## TASK MATERIAL
■ ■ ■
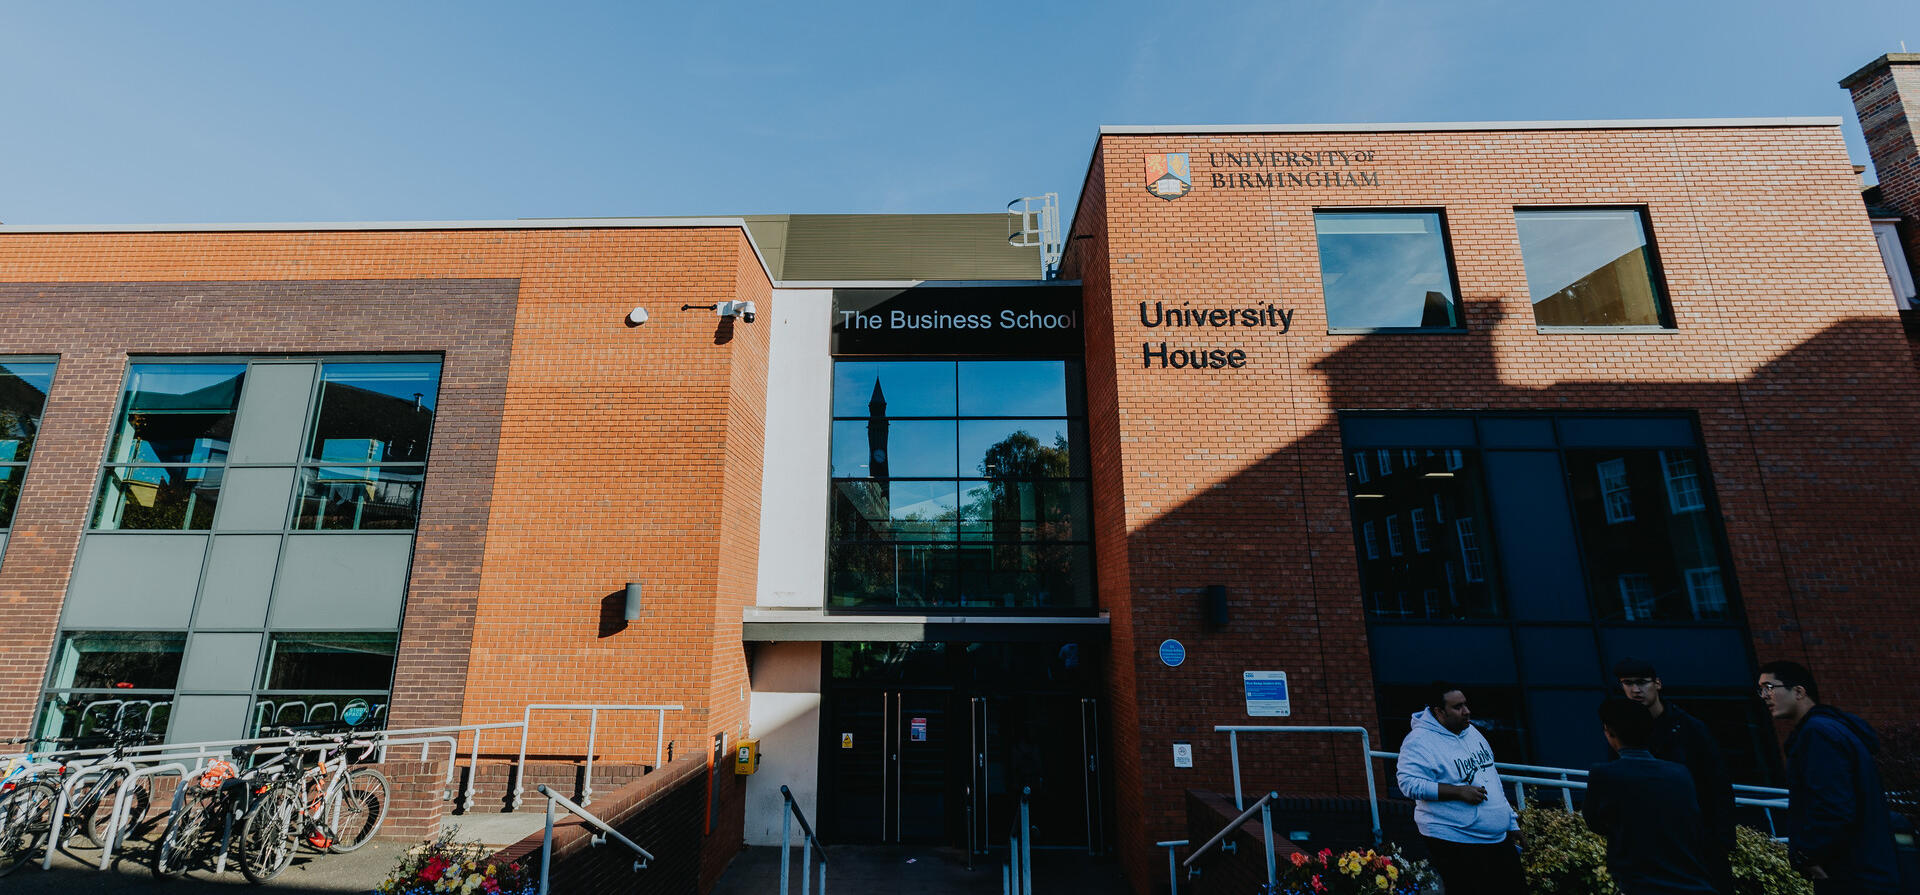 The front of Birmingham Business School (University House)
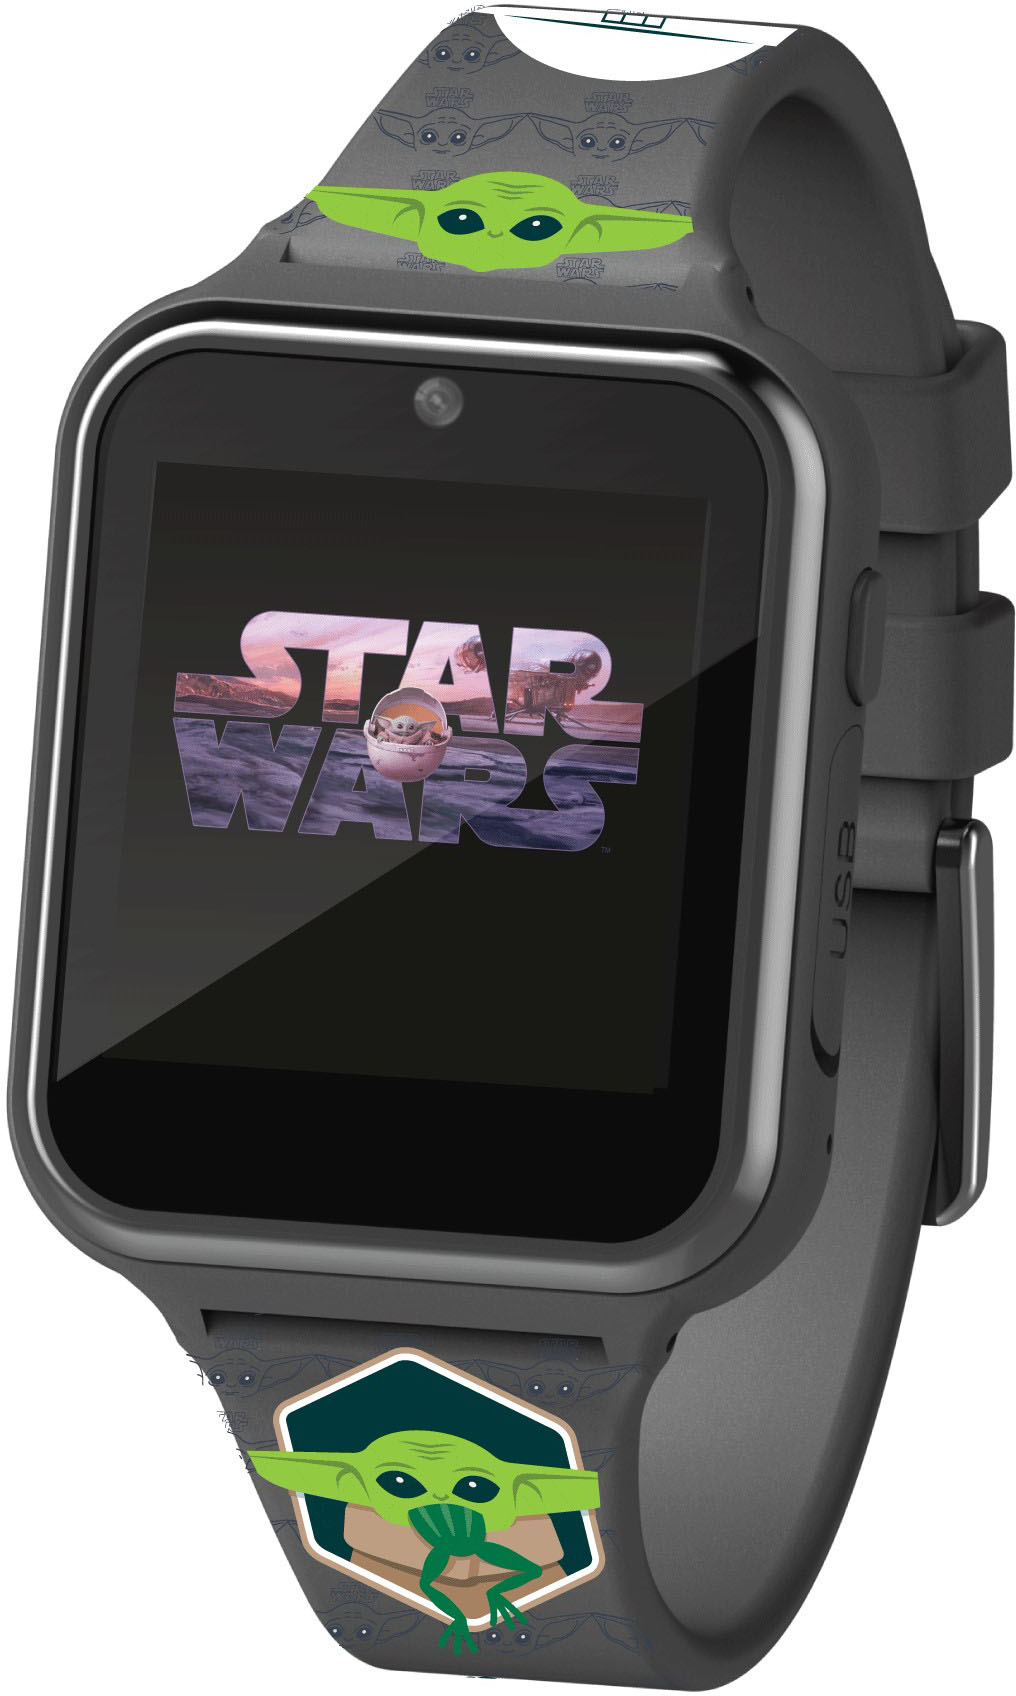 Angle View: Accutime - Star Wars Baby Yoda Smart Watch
■ ■ ■
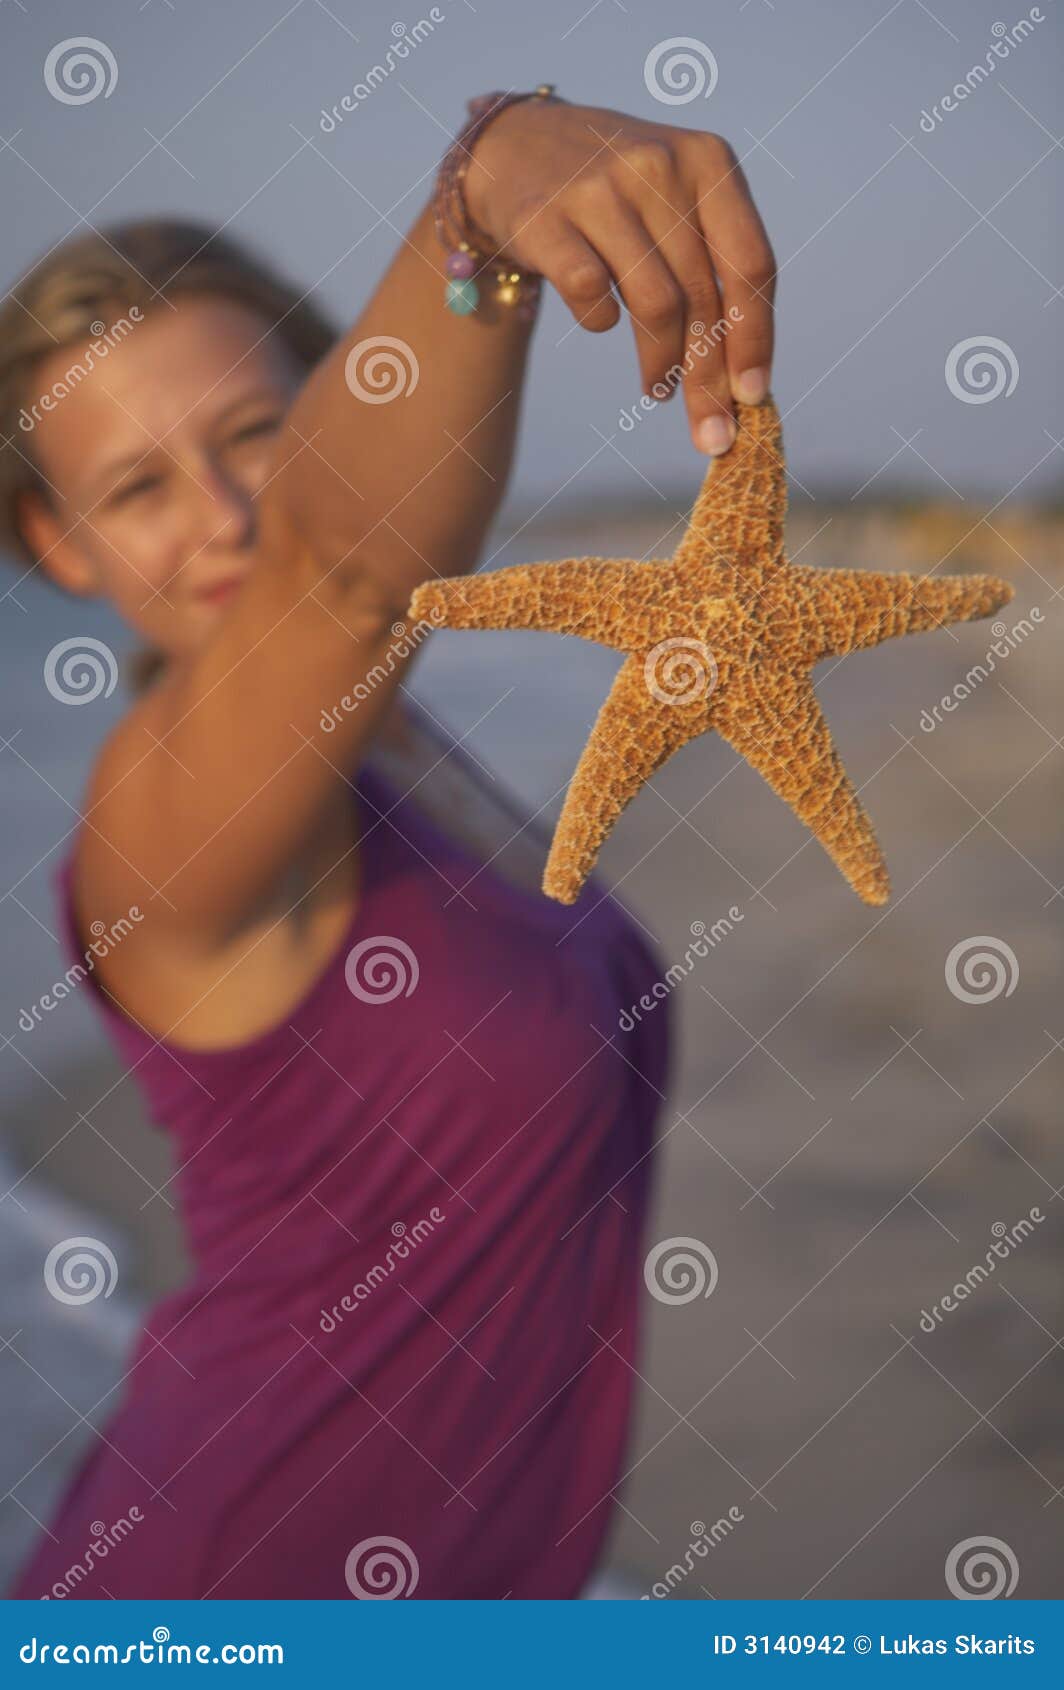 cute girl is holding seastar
■ ■ ■
## WHAT YOU HAVE TO DO
Find where the line with "The front of" sits in the material above and where the line with "Angle View: Accutime" sits. Set down exactly the lines from the first to the second, both included and nothing else, without pictures.

## RESPONSE BOX
 The front of Birmingham Business School (University House)
 Angle View: Accutime - Star Wars Baby Yoda Smart Watch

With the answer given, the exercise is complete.